▶ **ACTIVITY**
Copy everything in the listing below word for word, apart from any images.

▶ **MATERIAL PROVIDED**
═══

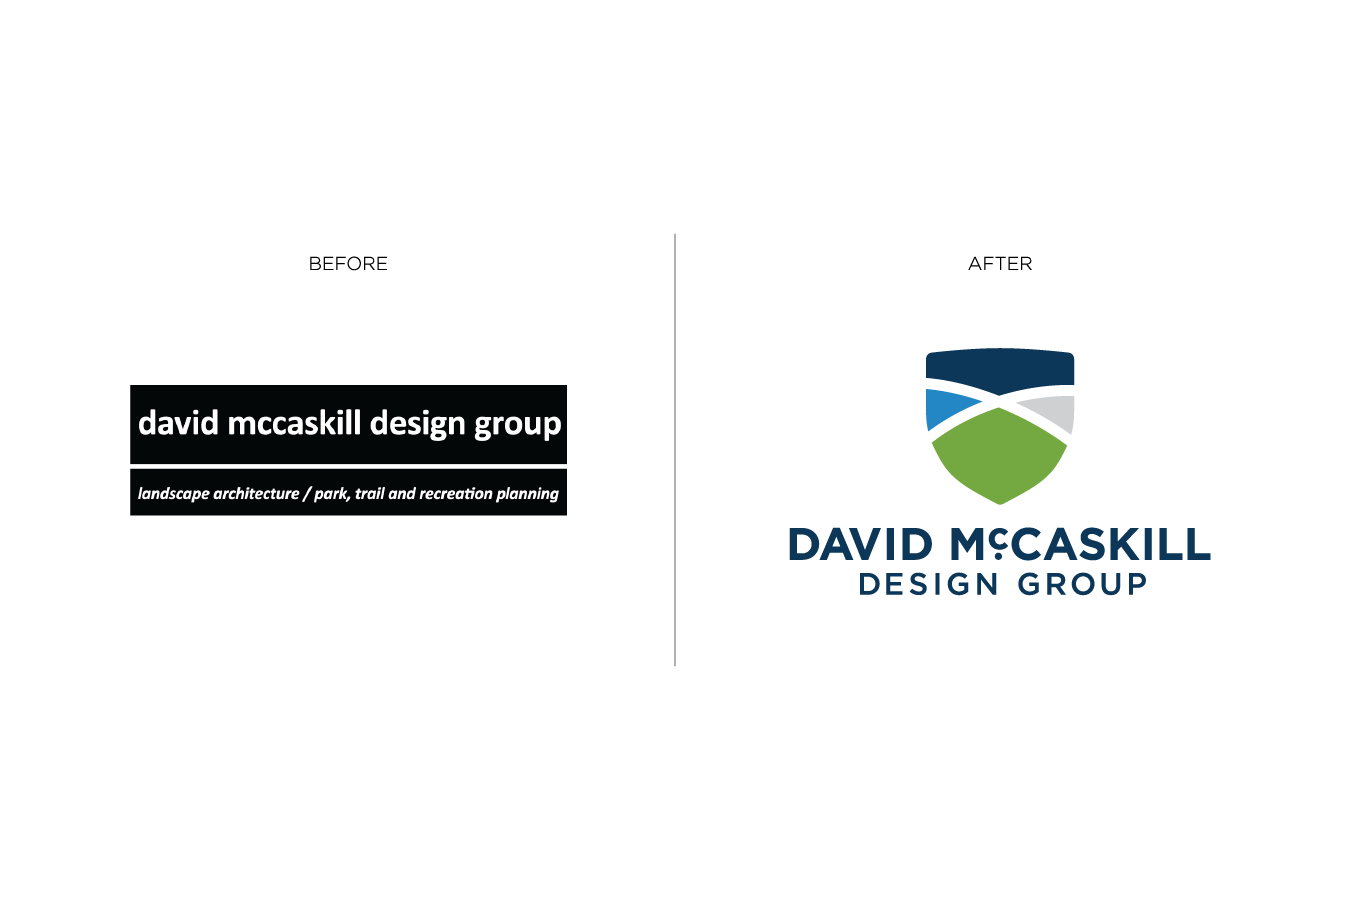 DMDG-logo-18.png
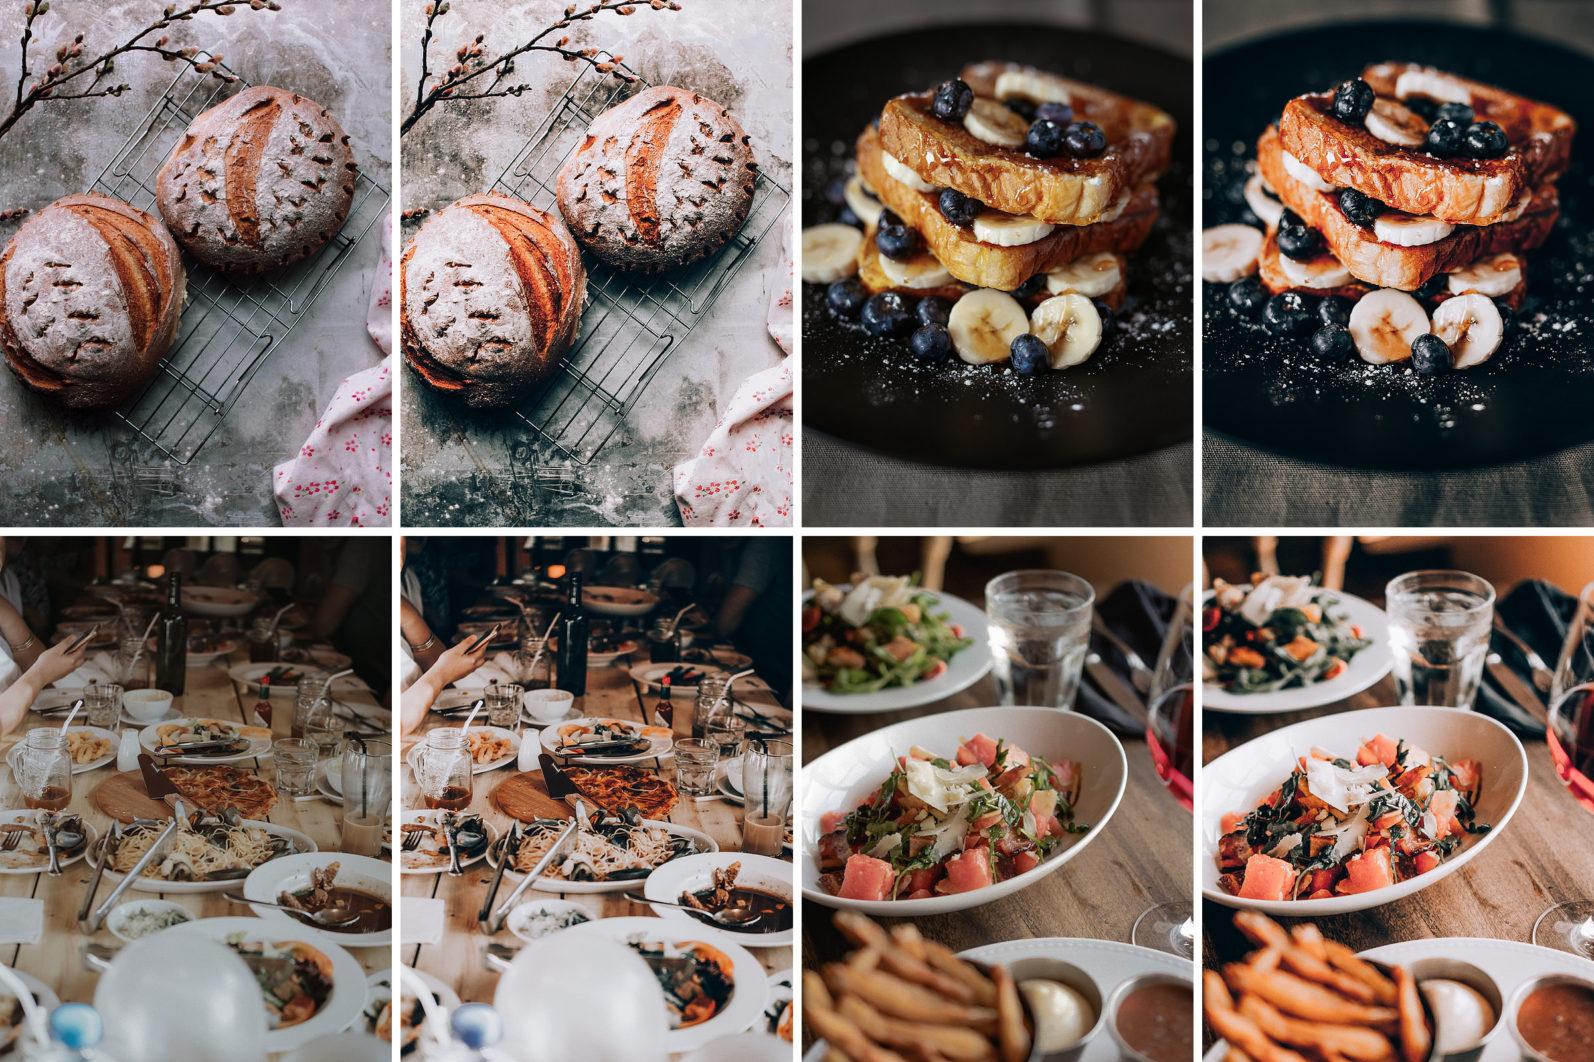 58. Rustic Food - 58.RUSTIC FOOD 04 -
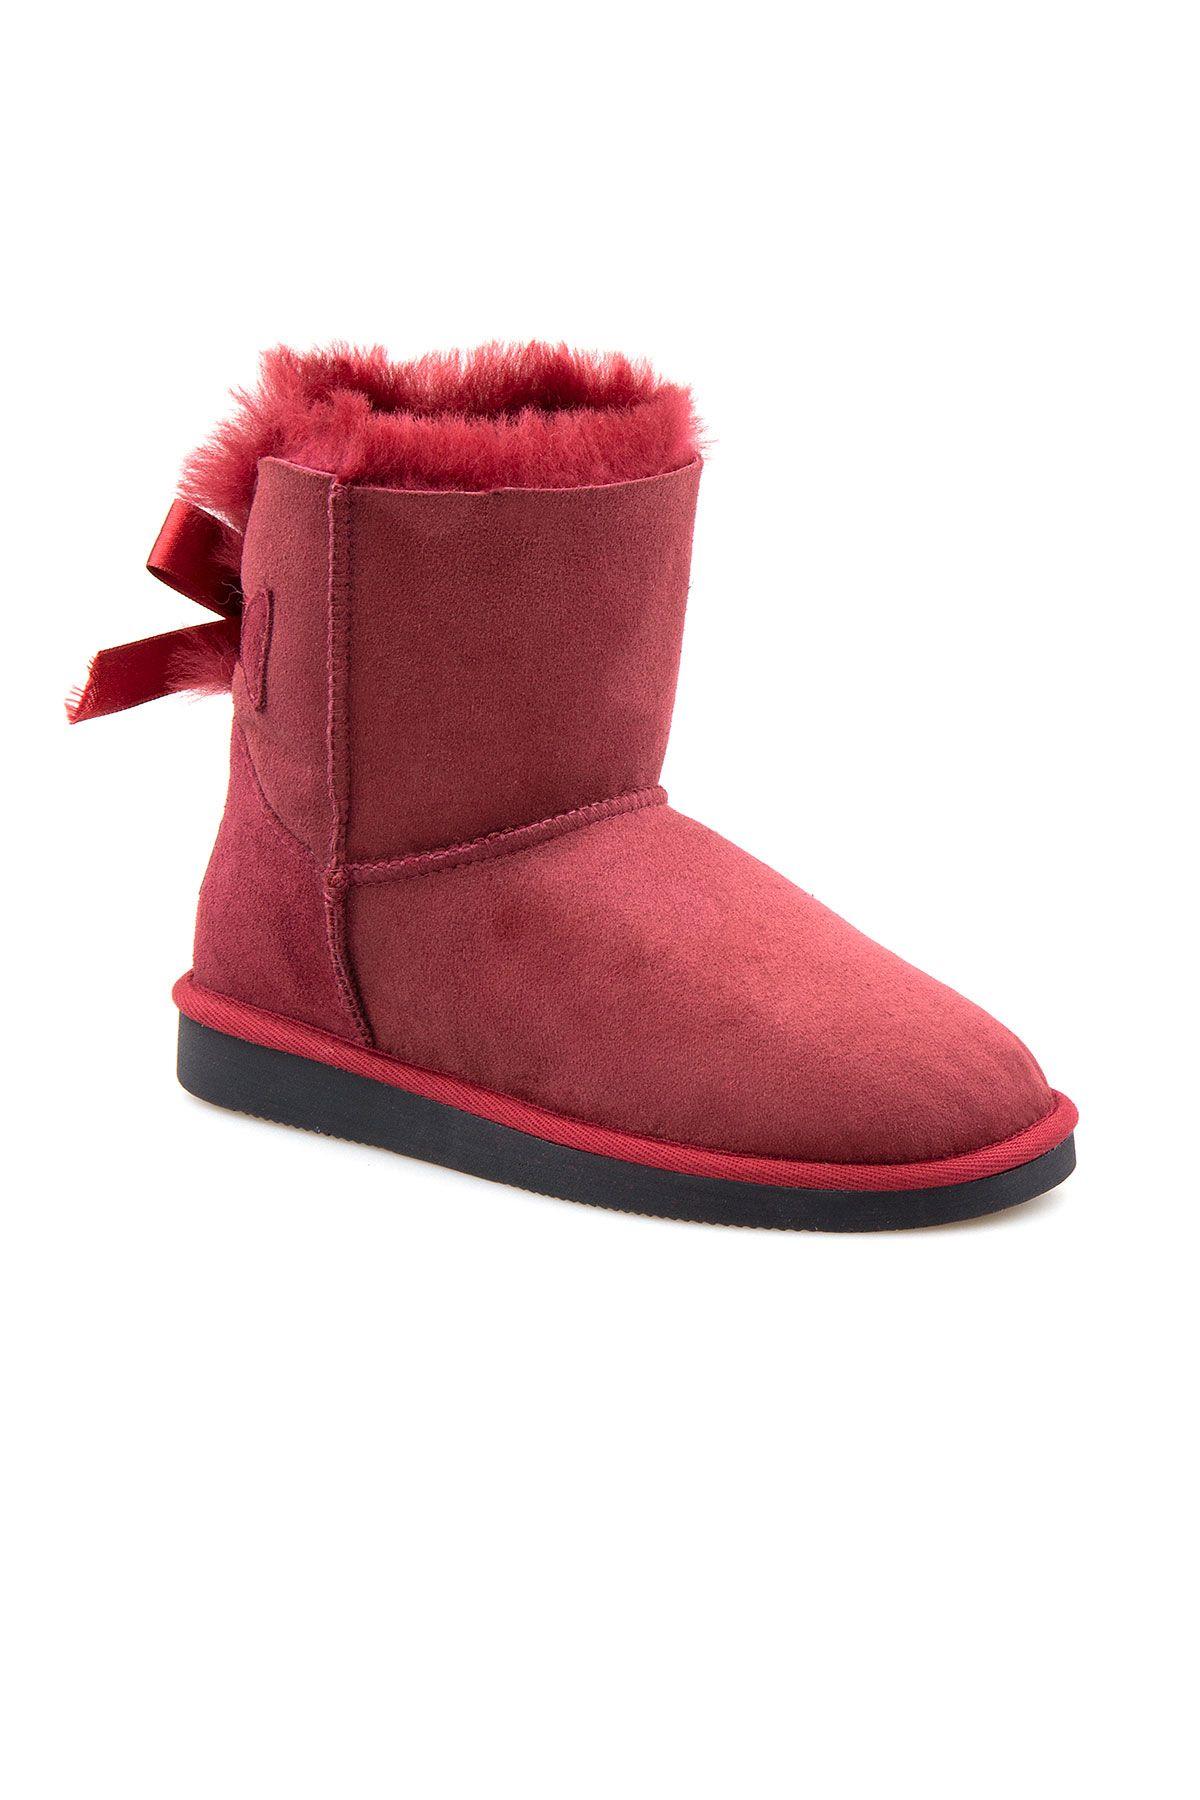 Pegia Genuine Sheepskin Women's Boots 191061 Claret red
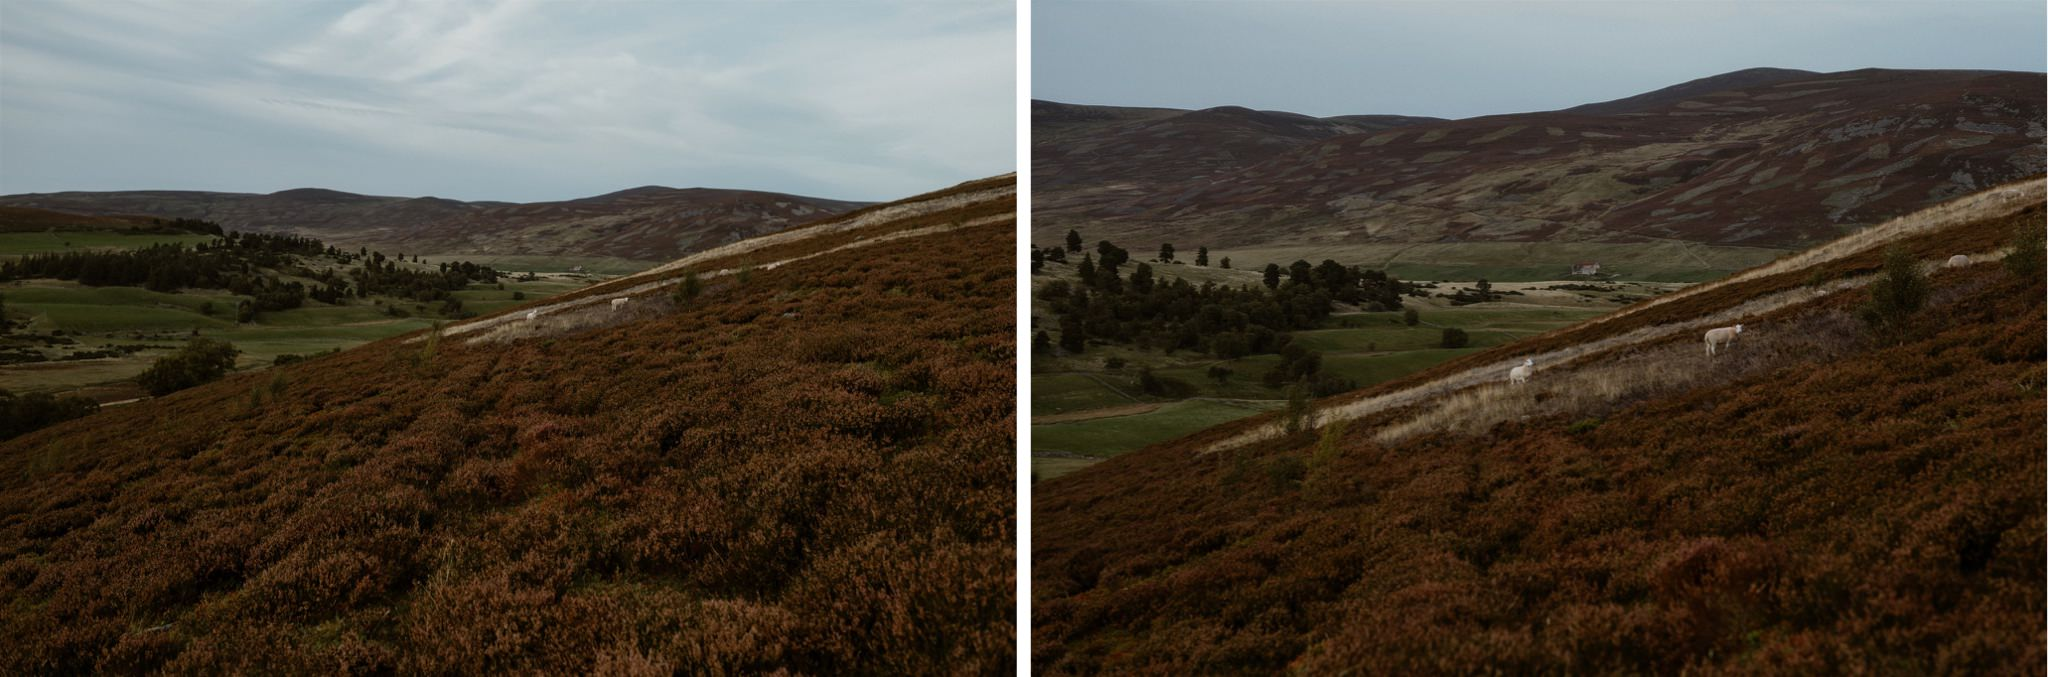 Scottish Highland landscape in the Cairngorms

═══

▶ **EXPECTED OUTPUT**
 DMDG-logo-18.png
 58. Rustic Food - 58.RUSTIC FOOD 04 -
 Pegia Genuine Sheepskin Women's Boots 191061 Claret red
 Scottish Highland landscape in the Cairngorms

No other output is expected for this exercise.